Люди даже разучились понимать, что у кого‑то может помутиться разум. О помешанном у нас уже и думают, и говорят, что, видно, разум‑то он потерял по расчету, а стало быть, вполне благоразумно. Разумная подоплека утраты разума — вещь, непреложно доказанная в глазах нынешних жалких ничтожеств. Если бы наш доблестный рыцарь Дон Кихот воскрес и вернулся бы в современную нам Испанию, здесь принялись бы выискивать, какими задними мыслями внушены его благородные сумасбродства. Когда кто‑то разоблачает злоупотребления, ополчается на несправедливость, бичует невежество, рабские душонки недоумевают: «Чего он этим для себя добивается? Какая ему выгода?»
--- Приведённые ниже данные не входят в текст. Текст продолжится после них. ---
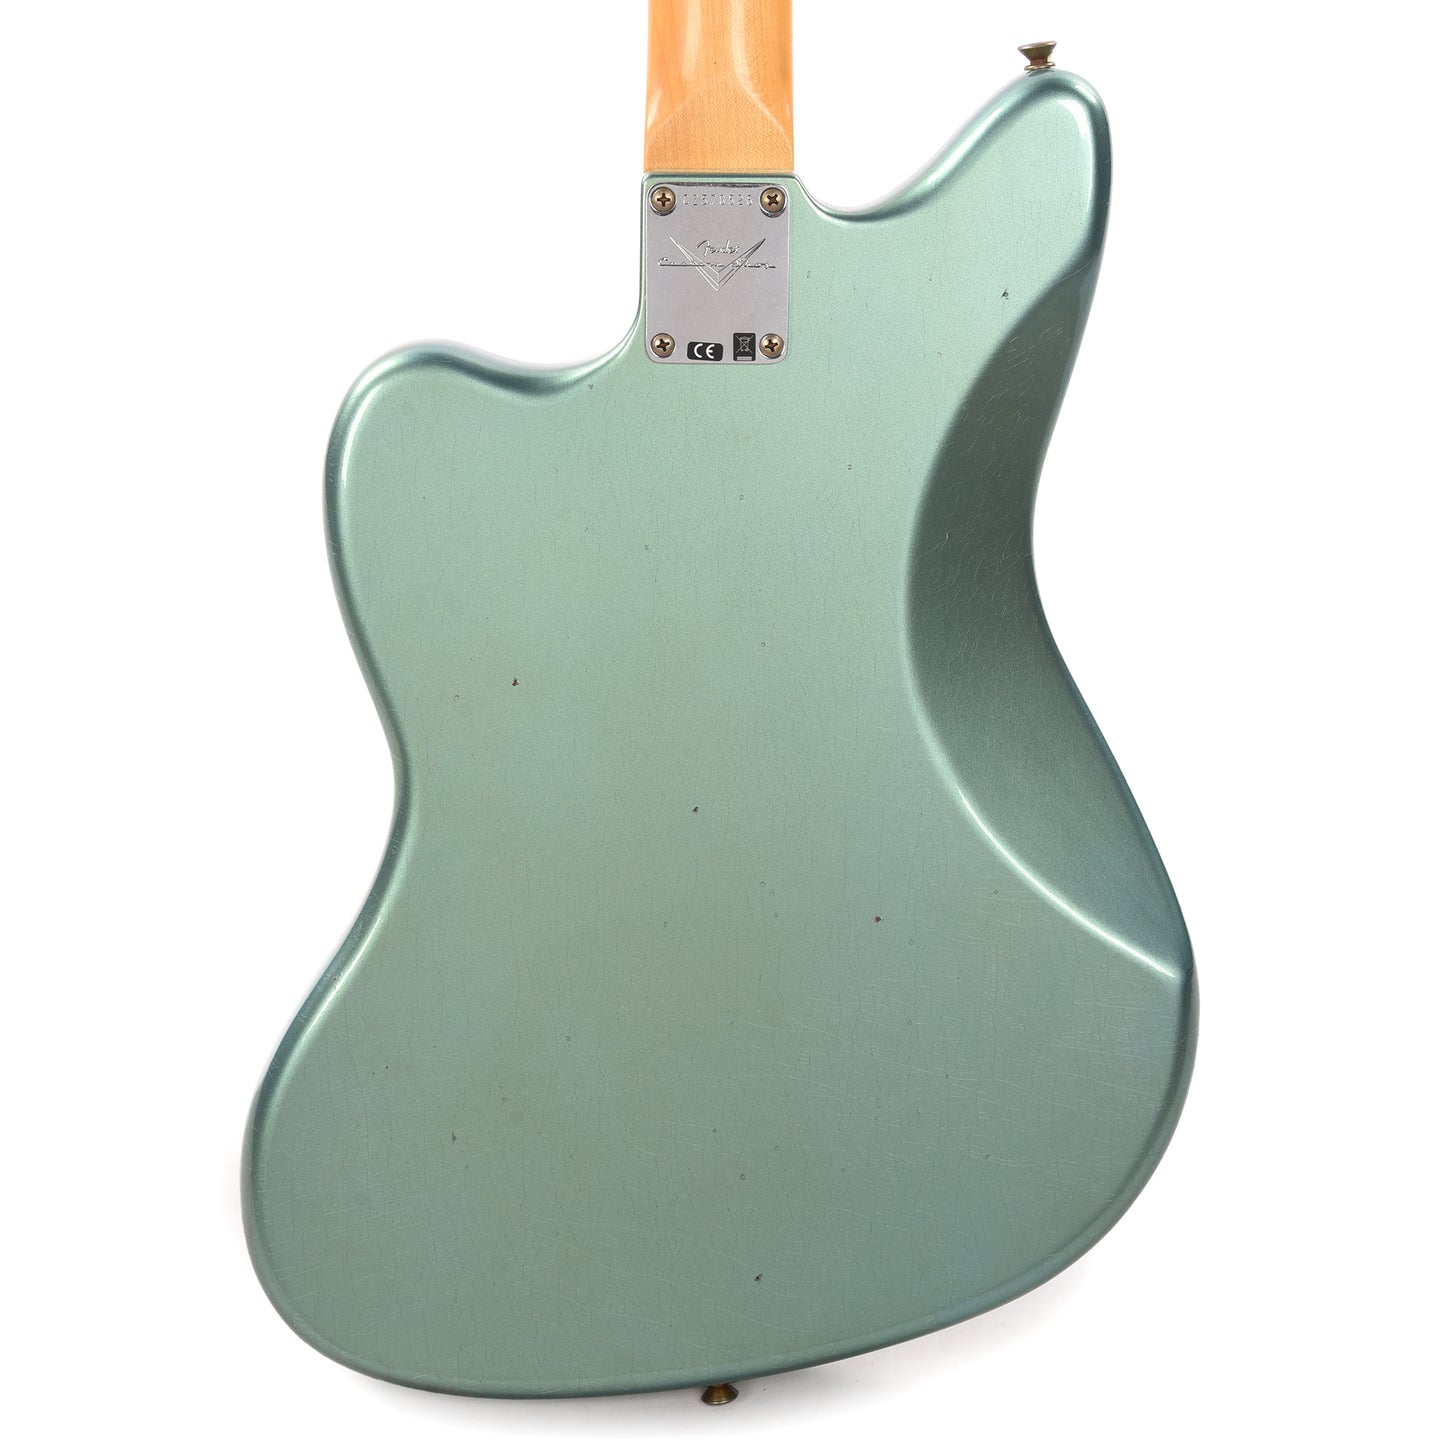 Fender Custom Shop 1966 Jazzmaster "Chicago Special" Journeyman Relic Super Aged Teal Green Metallic w/Matching Headcap

Иной раз они думают и говорят: он хочет, чтобы ему заткнули рот золотом; иной раз — что его обуревают подлые чувства и низменные страстишки вроде мстительности или зависти; иной раз — что ему хочется из тщеславия поднять побольше шуму, дабы о нем заговорили; иной раз — что он и подобные ему просто развлекаются от нечего делать, ради спорта. Какая жалость, что так мало охотников заниматься подобным спортом!
Ты только обрати внимание, — с каким бы проявлением благородства, героизма или безумия ни столкнулись эти тупоумные нынешние бакалавры, священники и цирюльники, им в голову не приходит ничего, кроме вопроса: а зачем это он так поступает? И, если им покажется, что у поступка есть разумная причина — будь оно так или не так, как они ее разумеют, — они говорят себе: ага! он сделал это потому‑то и потому‑то. Все сколько‑нибудь разумно объяснимое, едва лишь оно им объяснено, теряет в их глазах всякую ценность. Вот для чего им нужна логика, их паршивая логика.
Говорят: понять — значит простить. Но этим жалким ничтожествам необходимо понимать, чтобы прощать всякого, кому не лень их унизить, всякого, кто словом или делом ткнет их носом во все их позорное ничтожество.
Они дошли до того, что задаются идиотским вопросом: для чего Господь создал Вселенную? И сами отвечают себе: для вящей славы Господней! — ответ, преисполняющий их таким самодовольством и самоупоением, что они мнят себя вознесенными на величественные вершины, откуда им дано судить, в чем именно состоит Господня слава.
Вещи первичны — их предназначение вторично. Дайте мне составить представление о какой‑то новой вещи, и тогда она уже сама объяснит мне, для чего она создана.
Иной раз, когда я излагаю проект или план чего‑то такого, что следовало бы сделать, в особенности же если настаиваю на том, о чем считаю нужным говорить, непременно найдется любопытствующий узнать: «Ну, а что дальше?» На подобные вопросы остается отвечать только контрвопросами. «Ну, а что дальше?» должно рикошетом вызывать: «Ну, а прежде что?»
Будущего нет; будущего не бывает никогда. То, что именуют будущим, — всего лишь огромная ложь. Подлинное будущее — это сегодняшний день. Что будет с нами завтра? Никакого завтра нет! Есть сегодня, сейчас. И весь вопрос в том, что такое мы сами в этом сегодняшнем дне.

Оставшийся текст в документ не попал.